Biara itu, yang dikelilingi oleh tembok-tembok batu, mengharuskan kita untuk menyeberangi koridor-koridor terbuka untuk berpindah dari satu tempat ke tempat lain. Meskipun biasanya dianggap agak menawan, tidak diragukan lagi itu adalah bangunan terburuk untuk cuaca seperti ini dengan angin kencang.
Angin yang bertiup kencang di antara pilar-pilar itu bukanlah angin biasa. Sambil mendongak, Sienna melihat awan gelap menutupi langit malam.
Itu pertanda hujan lebat akan segera turun.
Sienna menyesal tidak membawa mantelnya saat ia membungkukkan bahunya. Tetap saja, kembali ke kamarnya sekarang setelah ia sampai sejauh ini terasa merepotkan.
Ia pikir akan lebih baik untuk bergegas dan menyelesaikannya karena ruang makan tidak jauh setelah ia melewati koridor. Dengan mengingat hal itu, Sienna mempercepat langkahnya.
Saat dia melewati koridor dan mencapai gedung pusat, hanya lilin-lilin yang berkedip-kedip tanpa suara di dinding yang menyambutnya; bagian dalam gedung itu sunyi. Kekhawatirannya tentang orang-orang di sekitarnya tampaknya tidak berdasar. Melihat koridor yang kosong meredakan kecemasannya secara signifikan.
Tepat saat dia memasuki pintu masuk dengan hati yang ringan.
“Apakah menurutmu Yang Mulia benar-benar akan memanggil Putri Kekaisaran kembali ke ibu kota?”
Pergerakannya terhenti mendengar suara yang mengalir dari dalam.
****
Meskipun jumlah orang yang tinggal di biara itu tidak banyak, bangunannya luas.
Ini karena tempat-tempat itu dibangun untuk menampung semua orang, padahal dahulu kala kaisar yang memerintah kekaisaran menempatkan orang-orang di sana tanpa pandang bulu.
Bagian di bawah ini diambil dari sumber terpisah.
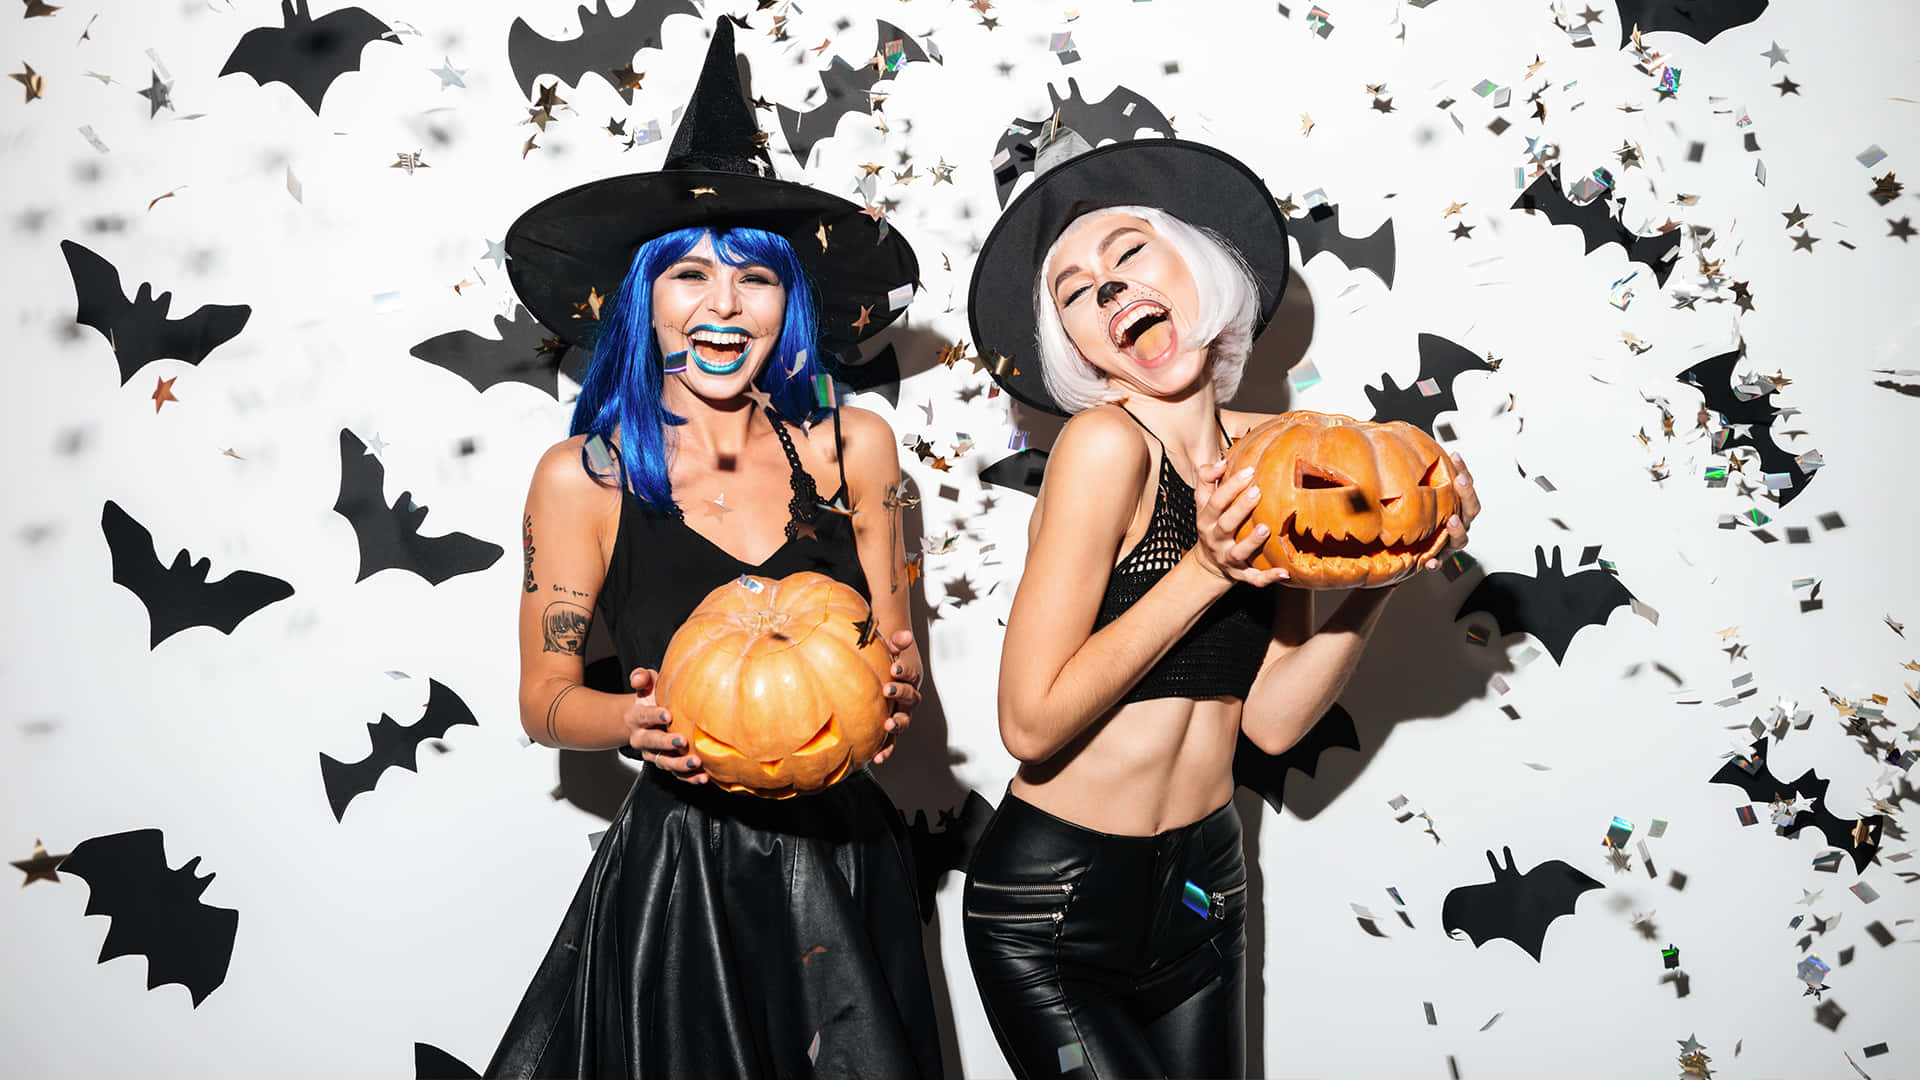 Stay safe and have fun this Halloween with these creative and unique costumes Wallpaper

Setengah dari mereka meninggal karena tidak mampu beradaptasi dengan lingkungan yang keras.
Karena alasan ini, biara tersebut memiliki dua bangunan yang tidak terpakai di samping bangunan utama, yang sangat cocok untuk menampung dan menerima perawatan bagi mereka yang terluka.
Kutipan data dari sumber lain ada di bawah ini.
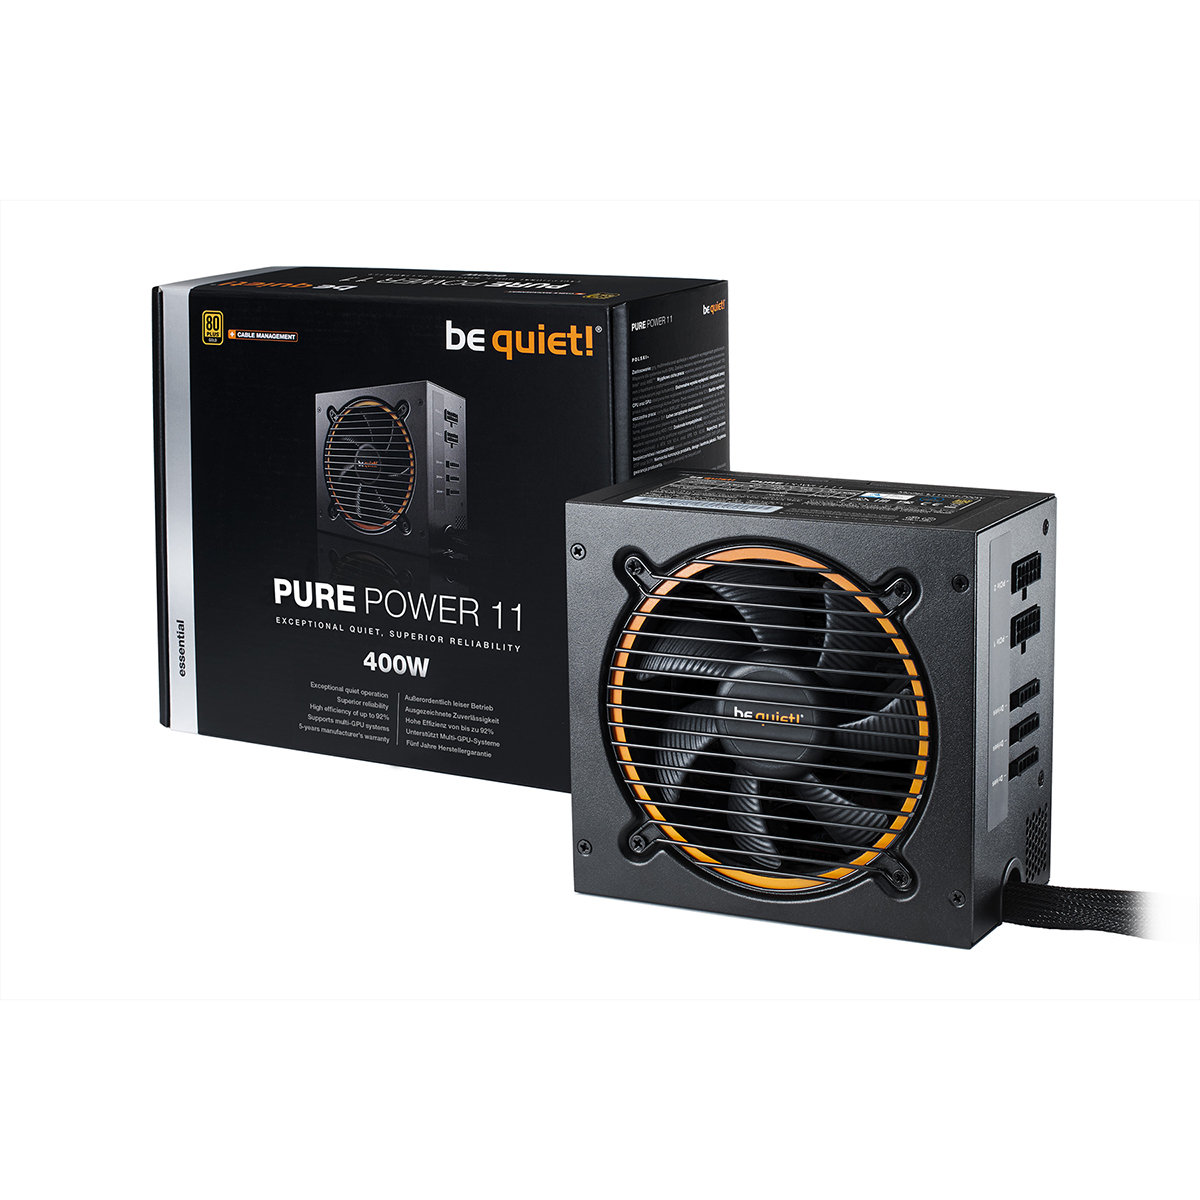 be quiet! - be quiet Pure Power 11 400W 80 Plus Gold Modular Power Supply

“Sebagian besar perawatan seharusnya selesai dalam waktu seminggu,” tabib itu melaporkan kepada Declan, yang datang untuk memeriksa yang terluka.
“Lalu kapan mereka bisa bergerak?”
“Mereka butuh setidaknya dua bulan istirahat untuk kembali normal sepenuhnya. Namun, daripada menunggu di sini sampai kondisi mereka benar-benar membaik, akan lebih baik jika mereka diberi pertolongan pertama dasar dan kemudian kembali ke ibu kota untuk mendapatkan perawatan yang tepat.”
Meskipun ada tabib di biara, jumlahnya sedikit dan kondisinya buruk. Perawatan yang dapat mereka berikan sangat terbatas dibandingkan dengan yang ada di ibu kota.
“Meski begitu, jika mereka langsung berangkat dalam kondisi seperti ini, luka jahitannya bisa saja pecah, jadi sebaiknya mereka tinggal di sana setidaknya selama tiga minggu untuk memantau perkembangannya.”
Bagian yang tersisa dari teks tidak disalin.